Table of Values

Pre-Algebra

A table of values is an organized chart of input (x) and output (y) pairs generated from an equation or rule, used to analyze relationships and create graphs.

Definition

A table of values lists pairs of numbers that satisfy a rule or equation. You choose x-values, plug them into the equation, and record the resulting y-values.

Example

For $y = 2x + 1$: when $x = 0$, $y = 1$; when $x = 1$, $y = 3$; when $x = 2$, $y = 5$. Record these as a table with an $x$ column and a $y$ column.

Key Insight

A table of values turns an abstract equation into a list of specific points you can plot on a graph.

Definition

A table of values is a systematic list of input-output pairs satisfying an equation.

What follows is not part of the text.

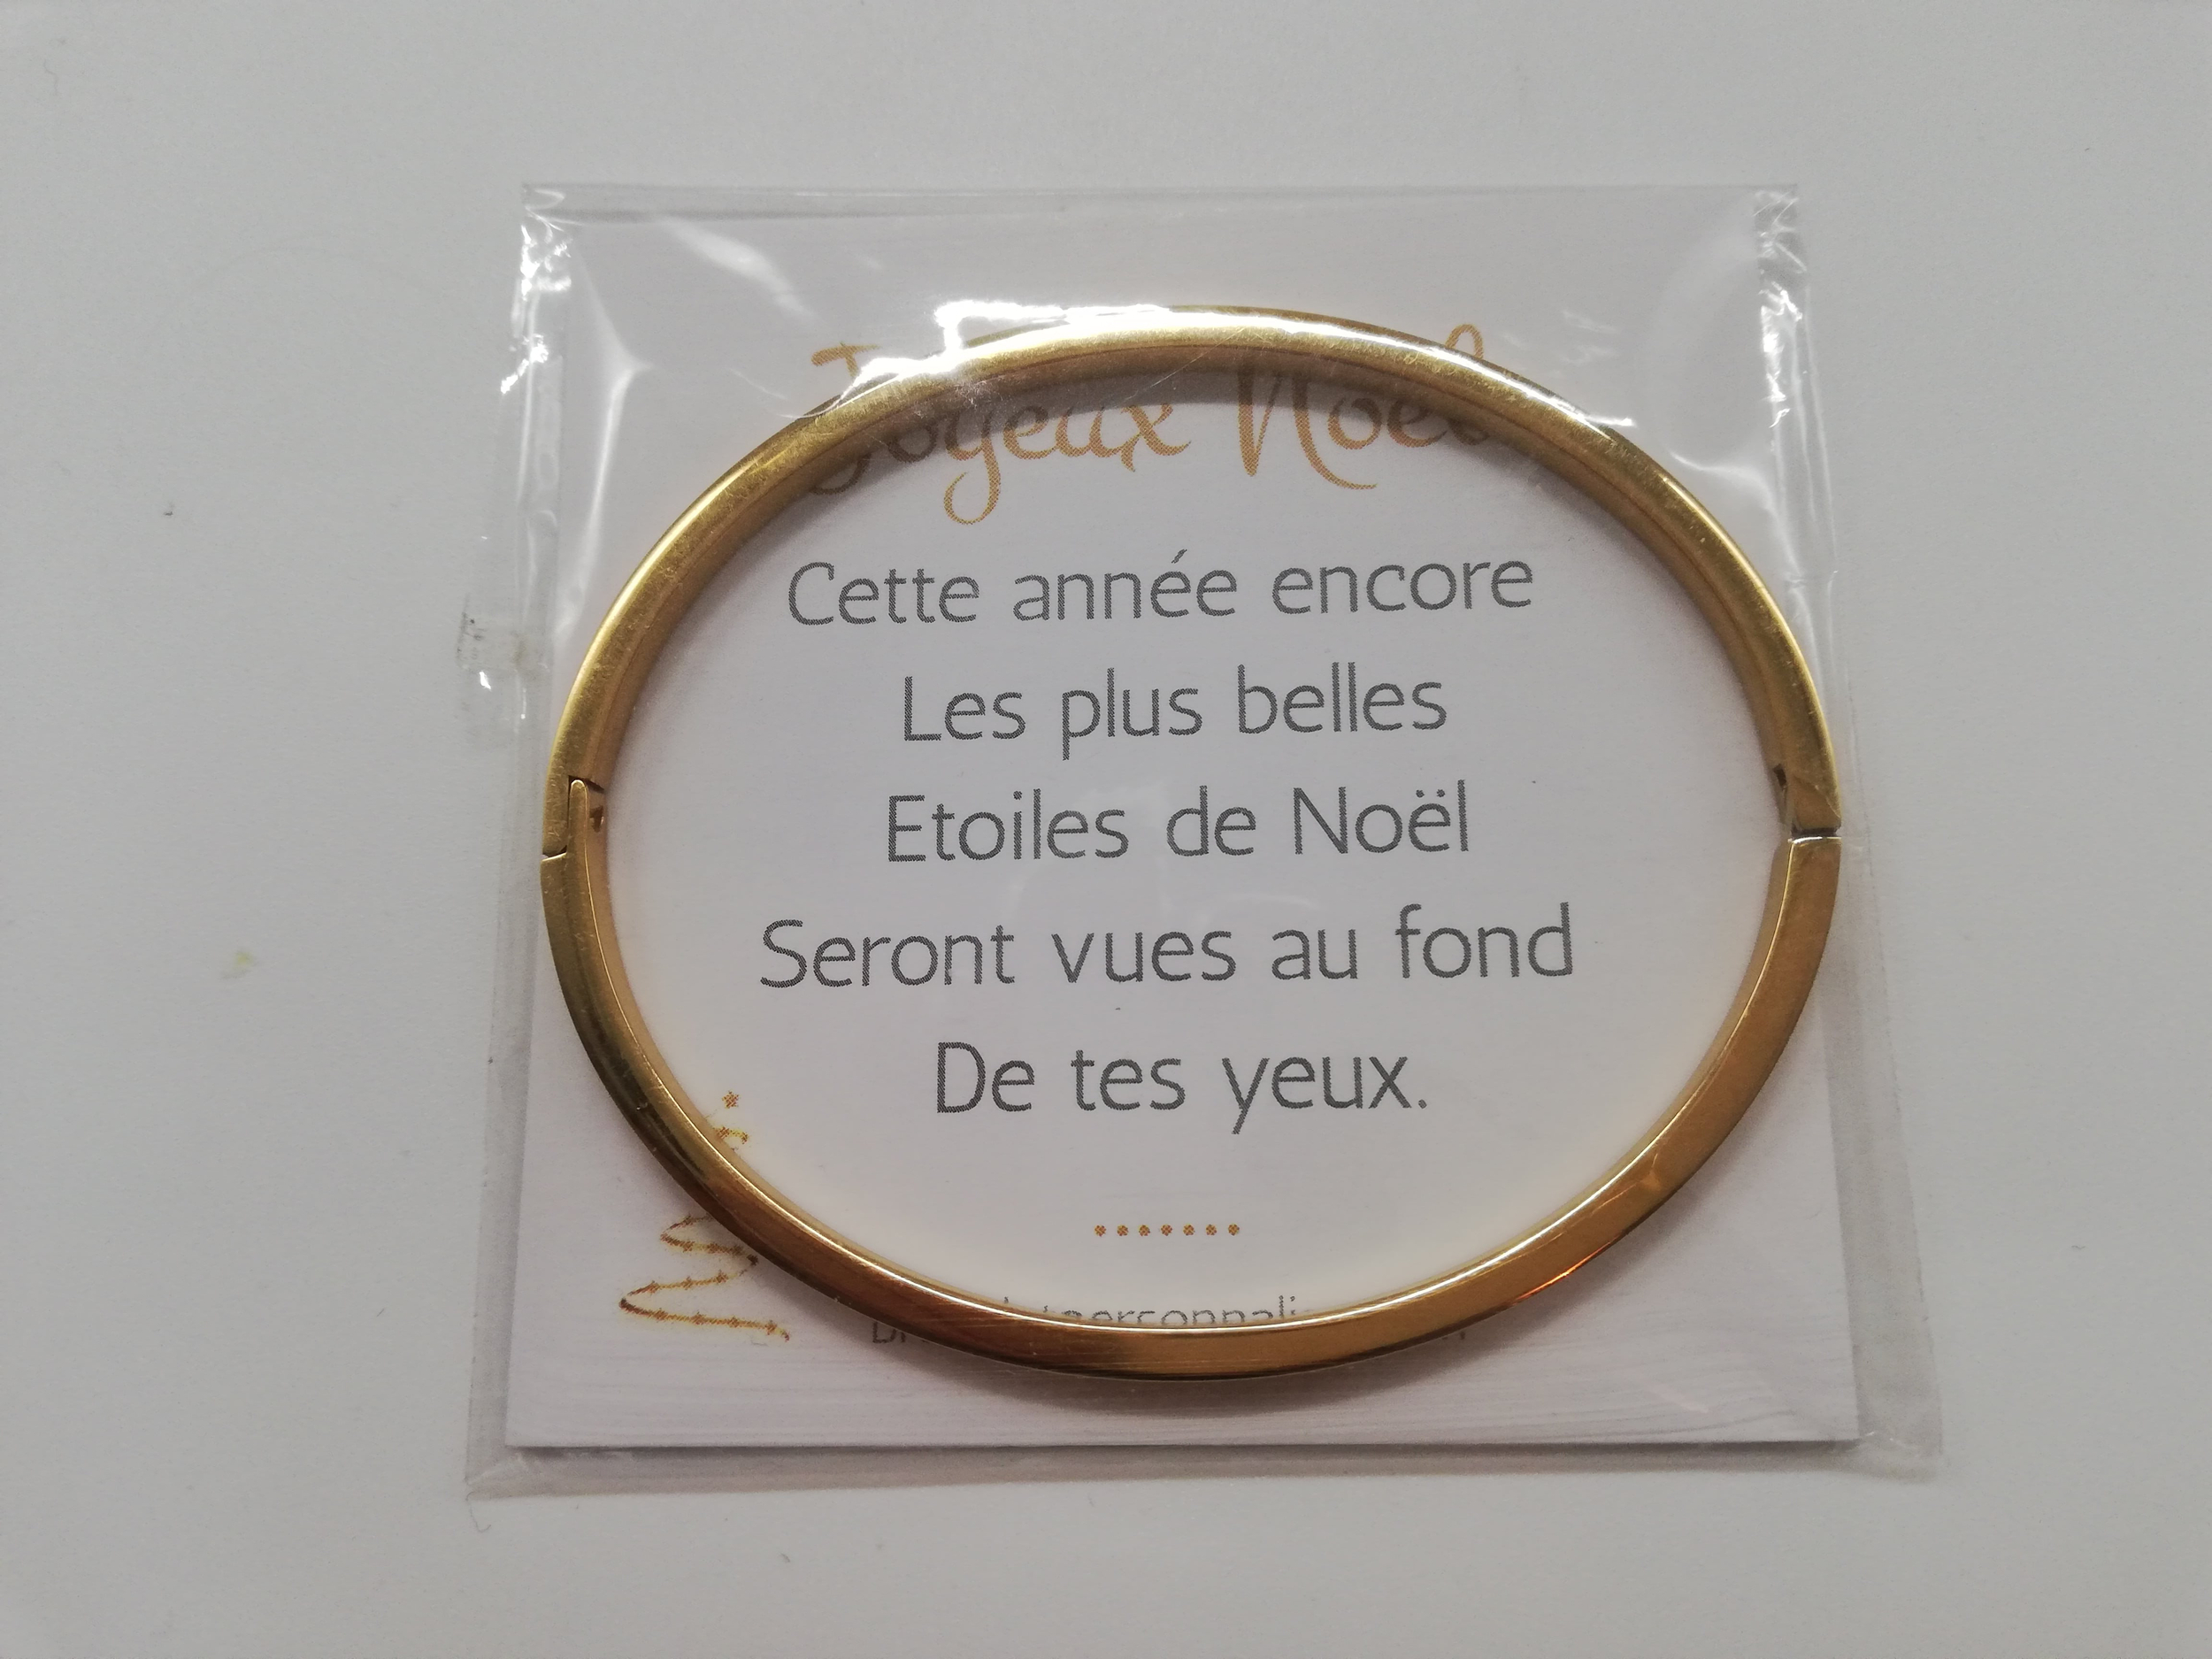 cadeau-de-noel-mamie-bracelet-personnalise-avec-une-carte-de-voeux-pour-les-fetes-de-fin-d-annee

Choosing a range of x-values and evaluating y = f(x) for each produces points that can be graphed. The table reveals patterns in the relationship.

Example

For $y = x^2 - 2$: $x = -2$ gives $y = 2$; $x = -1$ gives $y = -1$; $x = 0$ gives $y = -2$; $x = 1$ gives $y = -1$; $x = 2$ gives $y = 2$. The symmetry in the table reflects the parabola's axis of symmetry.

Key Insight

Patterns in a table of values reveal properties of the function: constant differences suggest linear, constant second differences suggest quadratic, and constant ratios suggest exponential.

Definition

A table of values is a finite sampling of the graph of a function $f: D \to \mathbb{R}$, listing pairs $(x_i, f(x_i))$ for chosen $x_i \in D$. Numerical methods use tables of values to approximate functions and integrals (e.g., Riemann sums, Newton's forward difference formula). Finite difference tables underpin interpolation via Newton's and Lagrange's methods.

Example

Newton's forward difference formula uses a table of equally spaced values to construct an interpolating polynomial: if $f(0) = 1$, $f(1) = 4$, $f(2) = 9$, $f(3) = 16$, the differences reveal the underlying polynomial $f(x) = (x+1)^2$.

Key Insight

Finite difference tables are the discrete analog of derivatives. The $n$-th order finite difference corresponds to the $n$-th derivative in the continuous setting, connecting discrete numerical methods to calculus.